UNLABELLED: There is increasing evidence that obesity may damage the kidney in otherwise healthy individuals. Our study investigated the effect of childhood obesity on urinary albumin and beta-2-microglobulin excretion, and the association of these with obesity-related cardiovascular risk factors. Random morning spot urine samples were collected from clinically healthy obese (n = 86; median age 12.9 years, range 8.9-17.2 years; median weight 80.6 kg, range 46.1-136.8 kg; median body mass index 30.4 kg/m2, range 24.5-43.2 kg/m2) and normal weight children (n = 79; median age 13.5 years, range 10.7-14.9 years; median weight 51.0 kg, range 27.3-72.5 kg; median body mass index 18.2 kg/m2, range 13.2-23.9 kg/m2). The obese children were examined for the presence of common obesity-related cardiovascular risk factors including hyperinsulinaemia, impaired glucose tolerance (IGT), dyslipidaemia, hypercholesterolaemia, and hypertension. Obese children had a significantly higher urinary albumin/creatinine ratio (U-ACR) (median 11.7 mg/g, interquartile range 12.9 mg/g versus median 9.0 mg/g, interquartile range 5.1 mg/g; P = 0.003) and urinary beta-2-microglobulin/creatinine ratio (U-BMCR) (median 63.9 microg/g, interquartile range 34.7 microg/g versus median 34.6 microg/g, interquartile range 44.1 microg/g; P < 0.001) than normal weight children. Among the obese children, the U-ACR was associated with fasting hyperinsulinaemia, IGT, and hypercholesterolaemia (all P < 0.05), and significantly correlated with the fasting (r = 0.23, P < 0.05) and 2-h (r = 0.37, P < 0.001) plasma glucose levels measured during an oral glucose tolerance test. Obese children with no more than one of the features of the metabolic syndrome had significantly lower U-ACRs than obese children with two or more features (median 10.4 mg/g, interquartile range 5.8 mg/g versus median 15.3 mg/g, interquartile range 14.9 mg/g; P < 0.05).

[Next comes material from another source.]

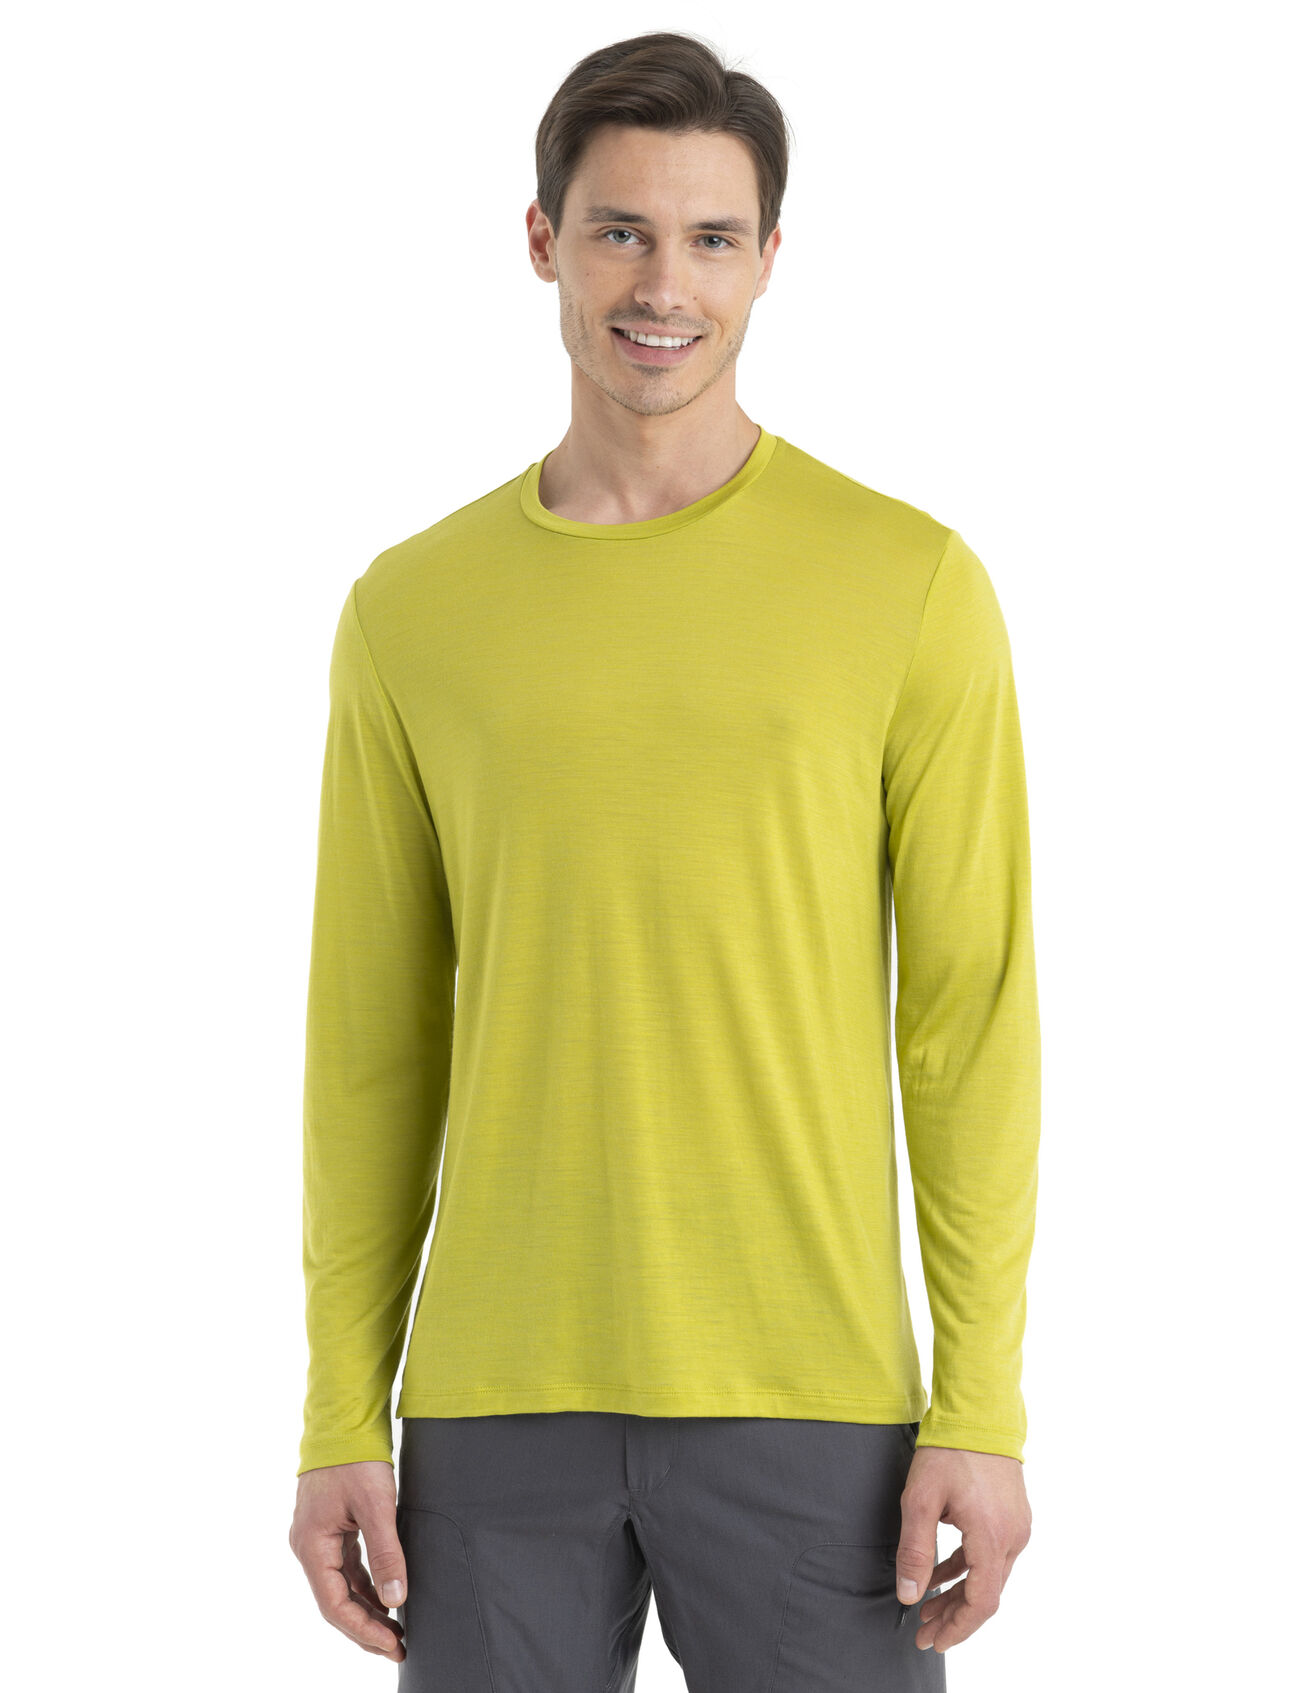 Mens Merino Sphere II Long Sleeve Tee A soft merino-blend tee made with our lightweight Cool-Lite™ jersey fabric, the Sphere II Long Sleeve Tee provides natural breathability, odor resistance and comfort.

CONCLUSION: According to our results, clinically healthy obese children have a higher degree of albuminuria and beta-2-microglobulinuria than normal weight children, indicating early renal glomerular and tubular dysfunction as a consequence of childhood obesity. The urinary albumin/creatinine ratio in the obese children was associated with certain metabolic derangements linked to obesity, and also with the clustering of features of the metabolic syndrome.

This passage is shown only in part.